A look at deadly U.S. accidents involving fire crews
Here is a look at some of the deadliest U.S. tragedies to have claimed the lives of wildland firefighters, including the 19 killed in an Arizona blaze Sunday:
— June 30, 2013: Nineteen members of an elite crew are killed in a fire northwest of Phoenix that lit up the night sky in the forest above the town of Yarnell. The fast-moving blaze fueled by hot, dry conditions is the deadliest wildfire involving firefighters in the U.S. for at least 30 years.
— Aug. 5, 2008: Nine people were killed when a helicopter crashed shortly after taking off with a load of firefighters heading back to camp in Northern California. Seven of the dead were firefighters with Grayback Forestry Inc. The crew was fighting a forest fire on the Shasta-Trinity National Forest outside Redding, Calif.

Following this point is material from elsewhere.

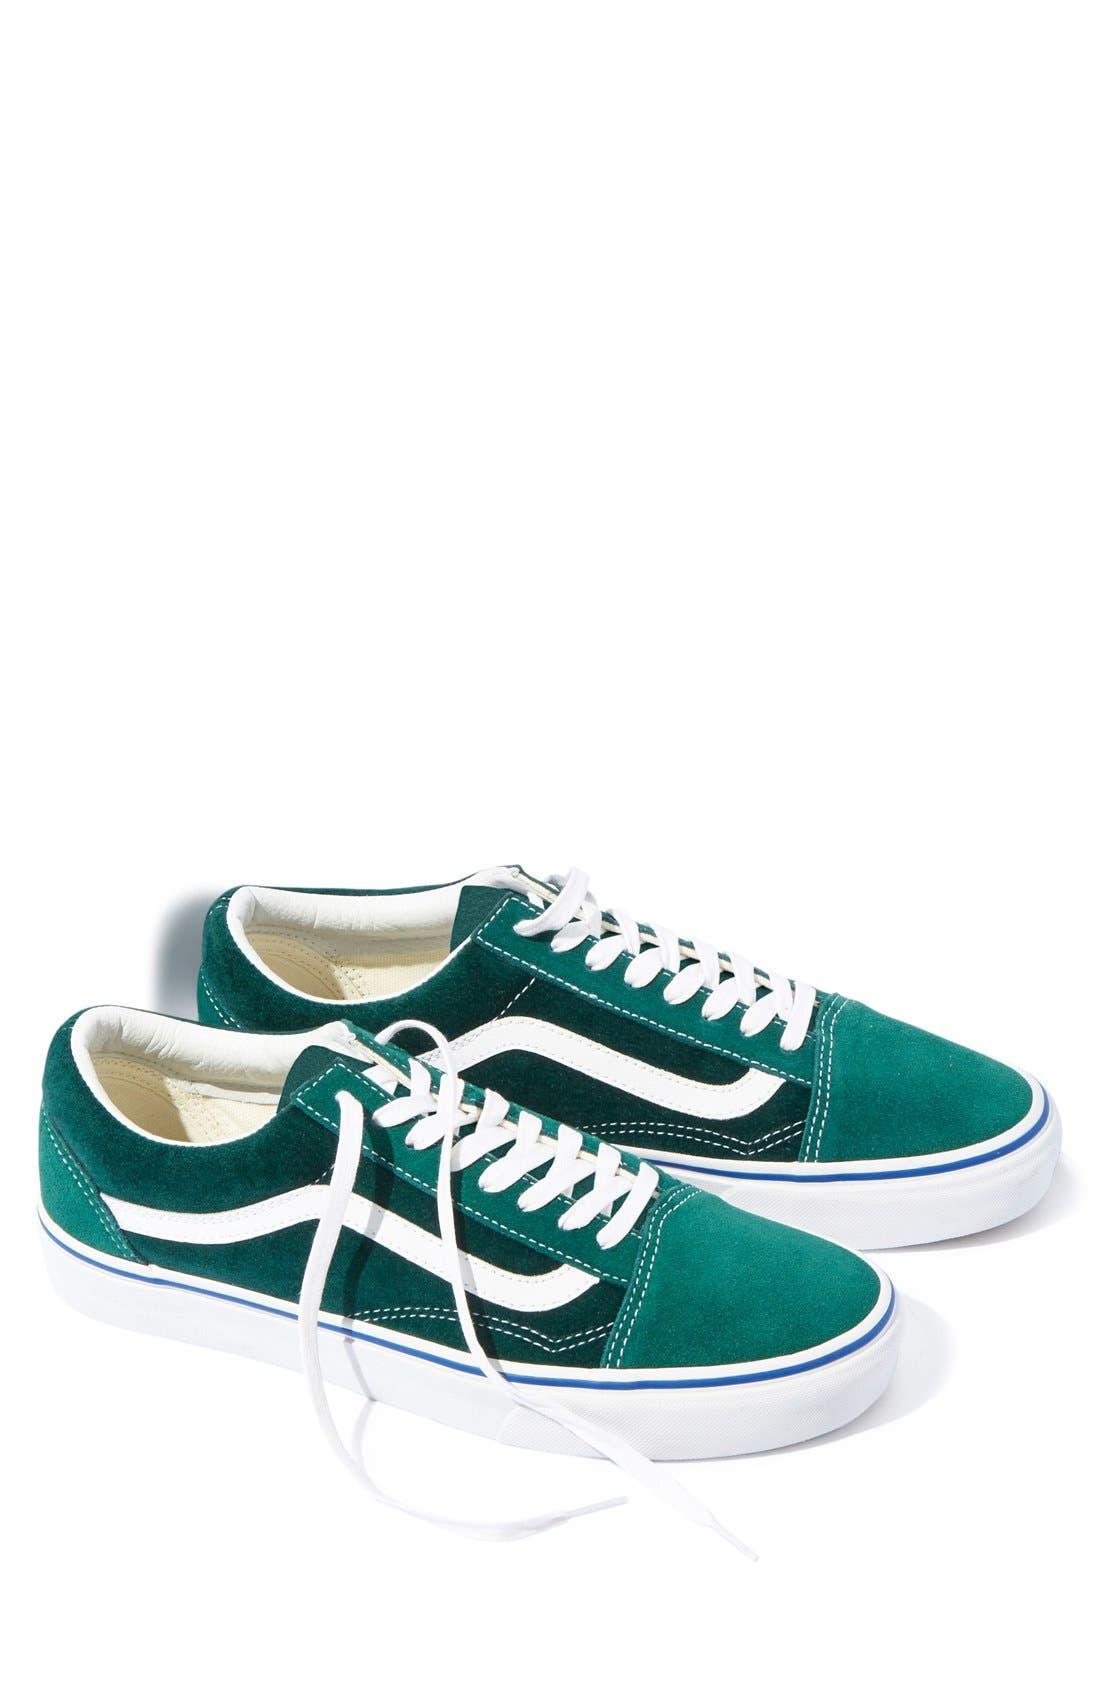 Main Image - Vans 'Old Skool' Velvet Sneaker (Men) (Nordstrom Exclusive)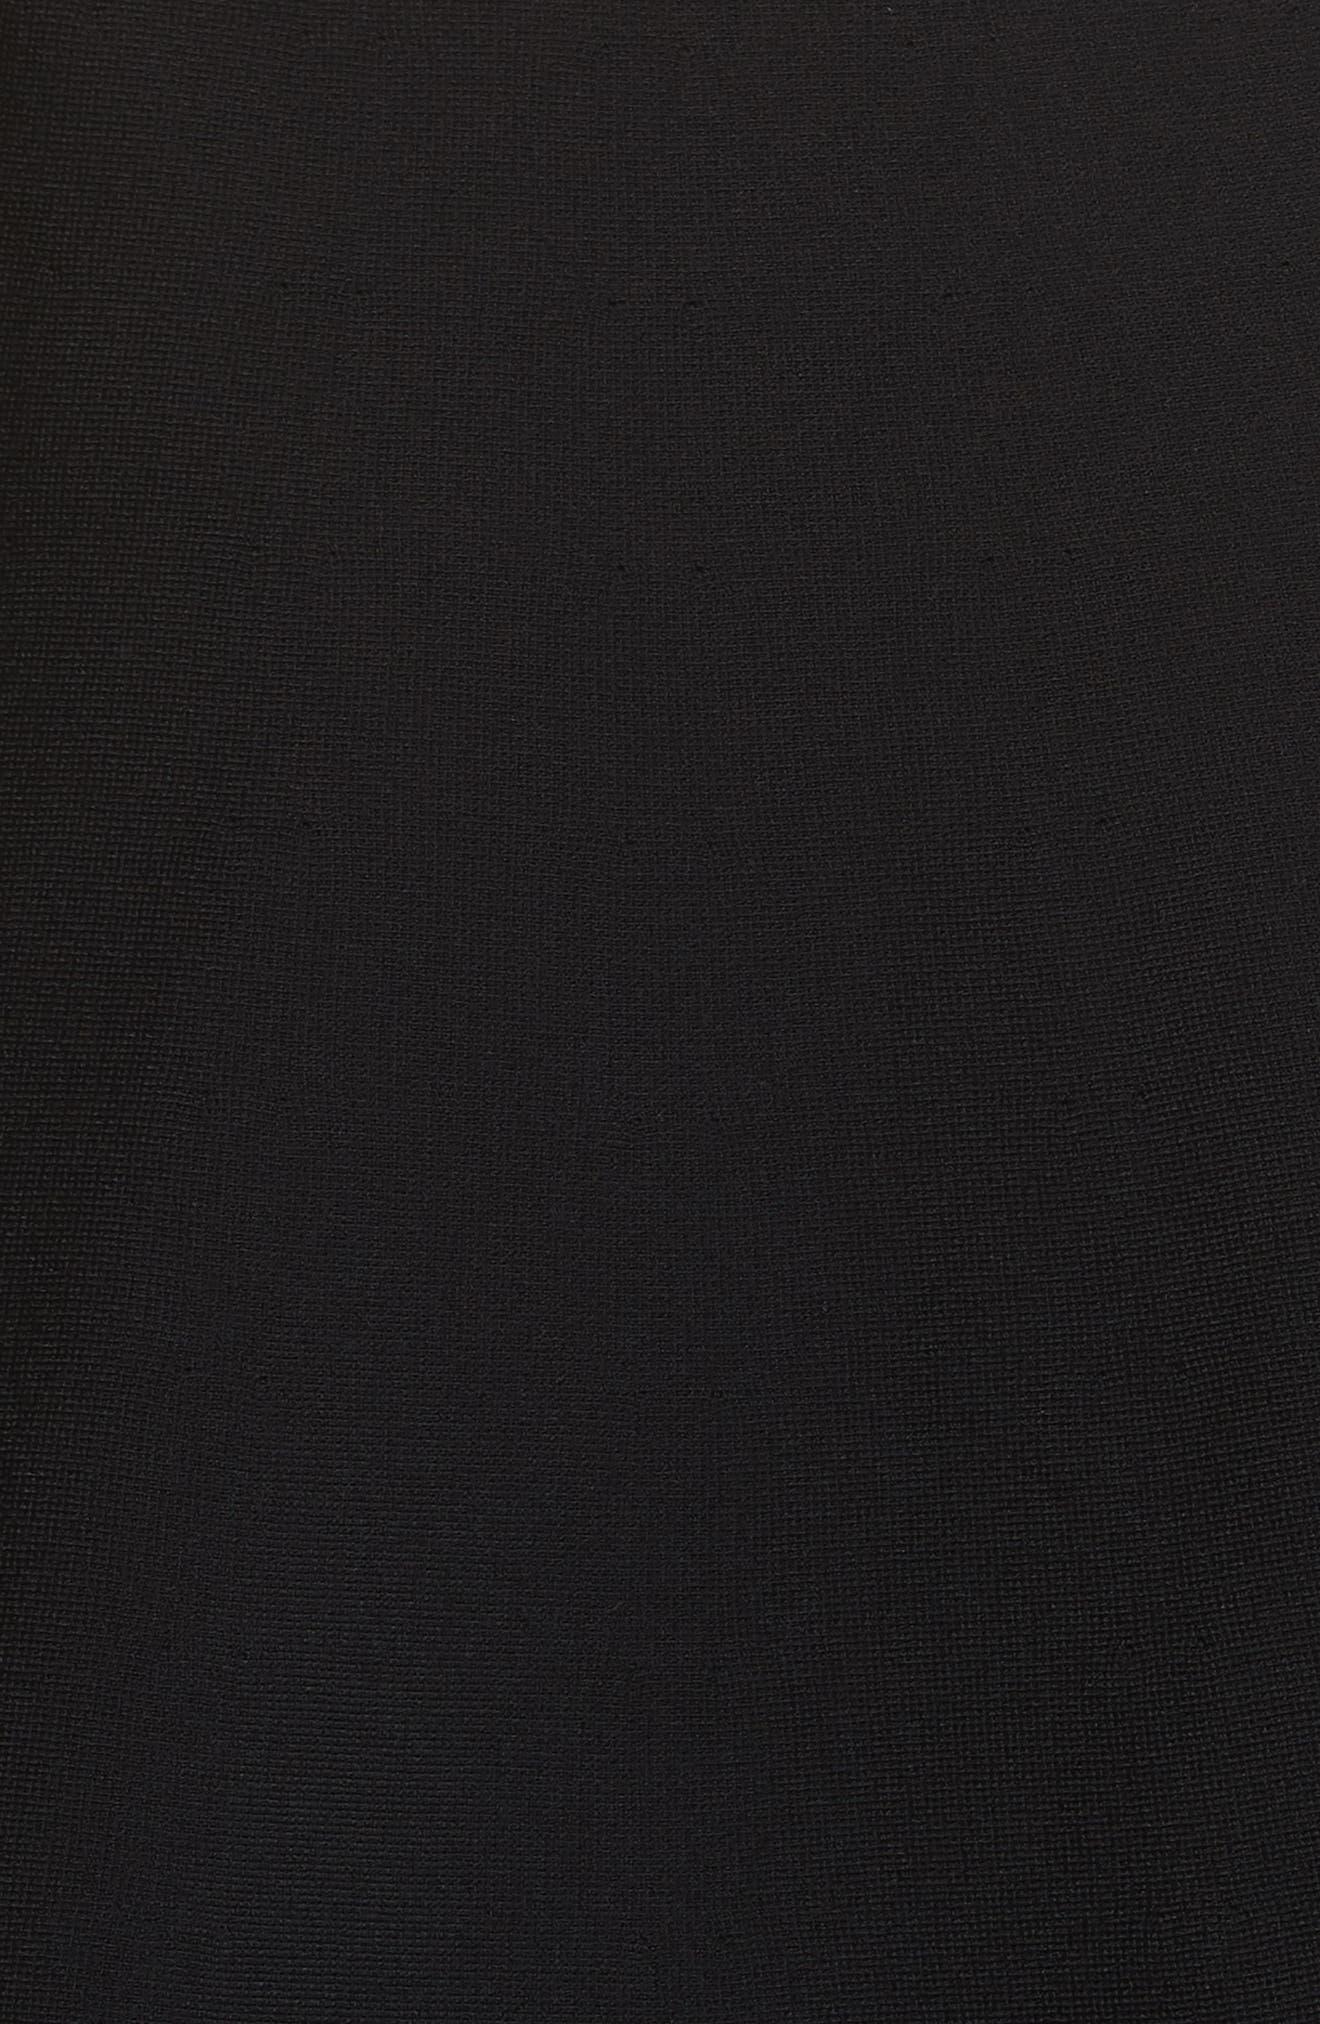 Lace Trim Tiered Sweater Dress,                             Alternate thumbnail 6, color,                             BLACK

— Aug. 24, 2003: Eight contract firefighters who had spent two weeks fighting an Idaho wildfire were killed on their way home when their van collided with a tractor-trailer and exploded into flames outside Vale, Ore. The firefighters, all men, worked for First Strike Environmental, a contract firefighting company and all were from Oregon.
— July 6, 1994: A blaze near Glenwood Springs, Colo., killed 14 firefighters who were overtaken by a sudden explosion of flames. The lightning-sparked Storm King Mountain blaze roared through shrubs as the firefighters scrambled uphill. Thirty-five firefighters on the mountain that day survived.
— June 26, 1990: The rapidly spreading Dude fire in the Tonto National Forest near Payson in eastern Arizona trapped 11 firefighters, killing six of them.
— July 9, 1953: The Rattlesnake fire in Southern California took the lives of 15 firefighters battling a blaze in Mendocino National Forest.
— Aug. 5, 1949 — The Mann Gulch fire near Helena, Mont., killed 12 smokejumpers and a forest ranger after they were overrun by flames. Their story was memorialized in the book “Young Men and Fire” by Norman Maclean, who also wrote “A River Runs Through It.”
— Oct. 3, 1933 — The Griffith Park wildfire in Los Angeles killed 29 firefighters.